Deliveroo, a platform for ordering food online, has stated it will eliminate nearly 350 positions, or 9% of its global staff.
Deliveroo’s founder and CEO Will Shu informed staff that roles across the company will be affected, however it is believed that UK employees will be the most negatively impacted by the layoffs. The UK is where the majority of the personnel are based.
In an effort to limit job losses to about 300 positions, some staff will be transferred to other departments inside the company as the redundancy process is about to start across the board.
Deliveroo’s proposed layoffs would be subject to a general consultation procedure in the UK, according to Mr. Shu, but in every market, “increased redundancy benefits that go above government regulations and support” will be offered. Market-specific details will differ, he continued.
As the COVID-era boom in takeaway orders on the platform slows down, the company chief stated that Deliveroo must “push further” to become profitable.

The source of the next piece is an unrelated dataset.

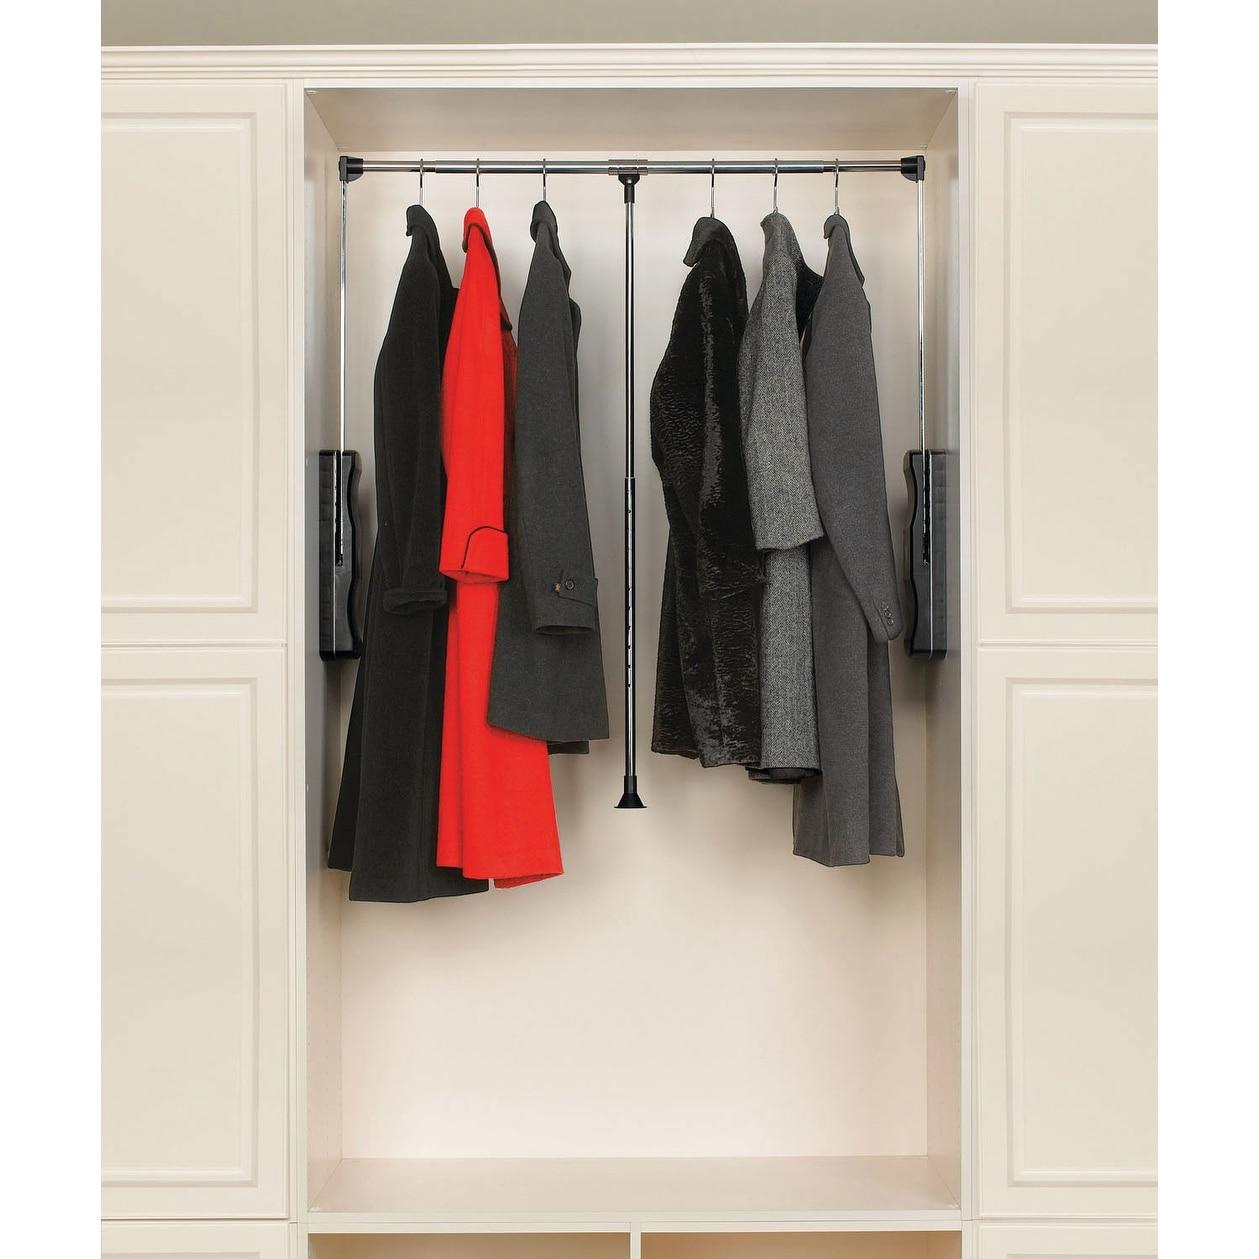 Shop Rev A Shelf Cpdr 3548 Cpdr Series 35 48 Pull Down Closet

The business broke even in its most recent quarter, according to figures released last month, and predicted profitability for this year.
After order numbers plummeted from their peak during the epidemic, cost management efforts and higher customer fees boosted financial performance: orders fell 2%, but this was countered by higher restaurant pricing.
The job losses have been attributed to global economic conditions and competition in the delivery industry. In addition to operating in a fiercely competitive sector, Mr. Shu noted that most of his markets faced challenging consumer conditions.
The UK is suffering worries of a recession, record-high inflation, rising interest rates, and an energy crisis.
Deliveroo claimed that during the pandemic it hired quickly and is currently reducing its workforce, similar to many tech and start-up businesses. “We quickly increased our staff in recent years. This was in response to hitherto unheard-of growth rates fueled by favourable COVID-related conditions, “Mr Shu continued.
He claimed that the cuts were his fault and that he ought to have “had a more balanced approach to staff increase.”
In March 2021, Deliveroo went public by listing on the London Stock Exchange. This was dubbed the worst initial public offering in London ever as the share price fell by a quarter and destroyed £7.6 billion of the company’s stock worth.
But as Mr. Shu stated on Thursday, “Quite plainly, our fixed cost base is too big for our business,” the cost-cutting initiatives implemented during the fourth quarter of 2022, which included shutting down loss-making operations in Australia and the Netherlands, were insufficient.
Deliveroo uses gig economy workers, who are not classified as employees and are therefore exempt from the headcount reduction, to deliver takeaways.